Correct me if I’m wrong here, but doesn’t guilt in England & Wales refer to guilt of act and guilt of mind, and this is how “preventing the greater harm” arguments work? That essentially yes, they did break the law, but in doing so can usually argue that their illegal actions prevented a greater harm from occurring?
EDIT: Realised that this refers to the ABH case and not the JSO cases…
Well the ability of the CPS to lose cases is never beyond my imagination, I’m just interested to see what he defence is going to be.
The only thing I can think of is that they will argue that the officers weren’t acting in the execution of their duty/they didn’t know it was the police and therefore they can argue self defence.
I know that one of the first officers questioned was asked if he has identified himself as a police officer and replied with words to the effect of “no because I was in full uniform including hat and gun so it was obvious who and what I was”. Unless there is something outrageous on the Bodyworn I can’t see that defence going far.
Looking at the sentencing guidelines for ABH they are probably at a 3 year starting point, so a guilty plea and a bit of mitigation and if not a suspended sentence (unlikely due to the Optics) they are still looking at being out in a year. Whereas with a. Not guilty and a bit of aggravation/a good Victim Personal Statement they are looking at 3.5 years so almost double the amount of time inside.

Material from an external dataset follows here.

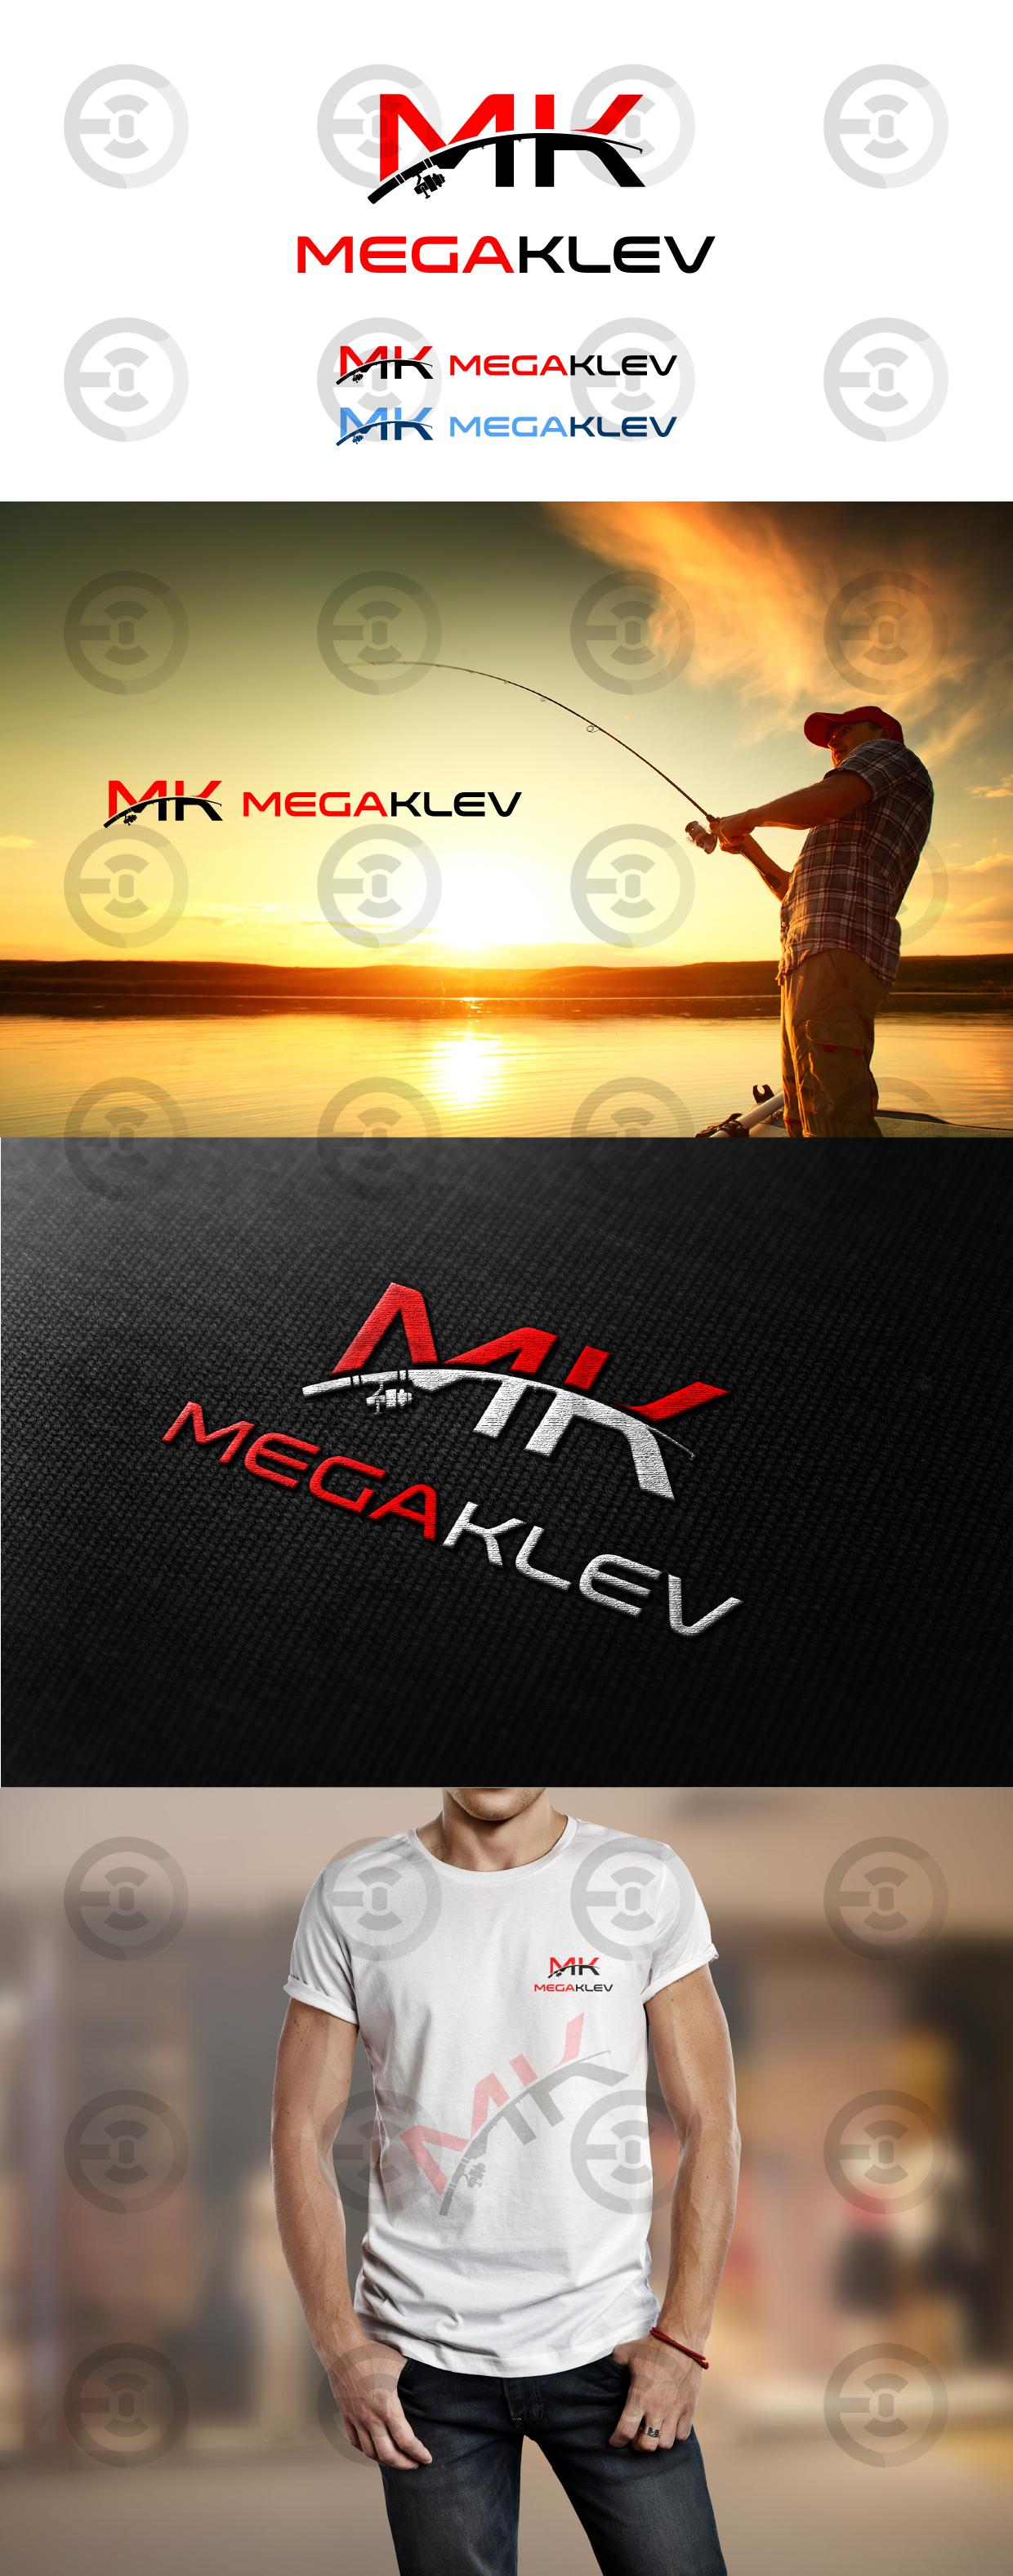 МЕГАКЛЕВ-01.png
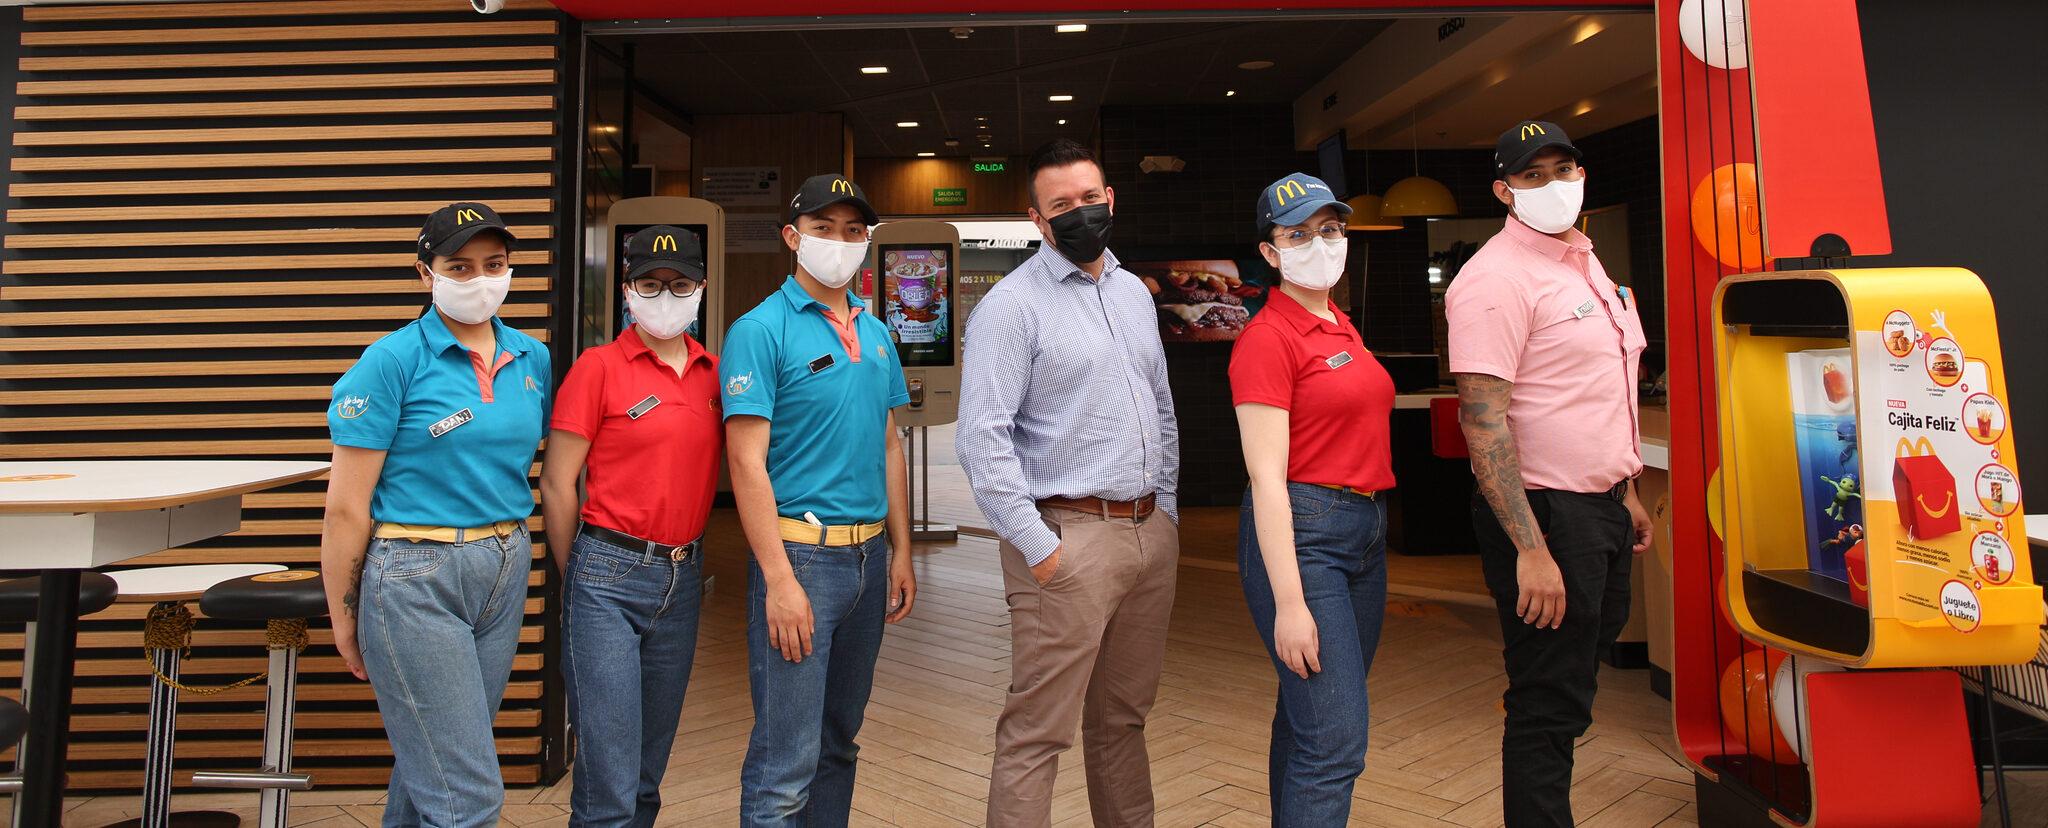 [Colombia] McDonald's Colombia busca jóvenes apasionados por el café para trabajar en sus McCafé.

The problem I see with them running a greater ill defence is that a) the aircraft they attacked were UK based so not involved in that conflict at all b) aren’t compatible with Israeli aircraft (they use flying boom) c) the RAF’s only contribution that can be proven is shooting down Iranian drones/rockets aimed at Israel. (Not sure you can claim that you are preventing something worse when the thing you are preventing is to enable the killing of Israeli civilians).
They’re running self defence to excessive force, considering the original video was heavily criticised for the police’s actions, I’d say they have a run. Especially considering the Crown have to prove they weren’t acting in self defence.
Manchester Evening Post has a decent running update page on it, one officer today being accused of stamping on them, and arguing he was just trying to break his radio cable? This was after tasering the guy to the ground.
The problem with that idea is that all of the police use of force, such as the stamp and smacking the mother in the face with a Taser was AFTER the assaults had taken place not before.
You could and I’m sure the IOPC are looking at running a persecution saying they Red misted and retaliated after they had been assaulted, but that doesn’t make the original assaults on the police lawful.
The level of violence used by the suspects was pretty significant from what I have seen. And clearly was not expected either. The level of force used in return seems pretty valid. The only thing that stands out to be as above appropriate force was the kicks directly to the head of the guy who was down. But, I also understand it’s very easy for me as a layperson to think that. I’ve never been in that situation and have had 0 training for it. Given he had already been down once and got back up, I can sort of see why the officer might have done that.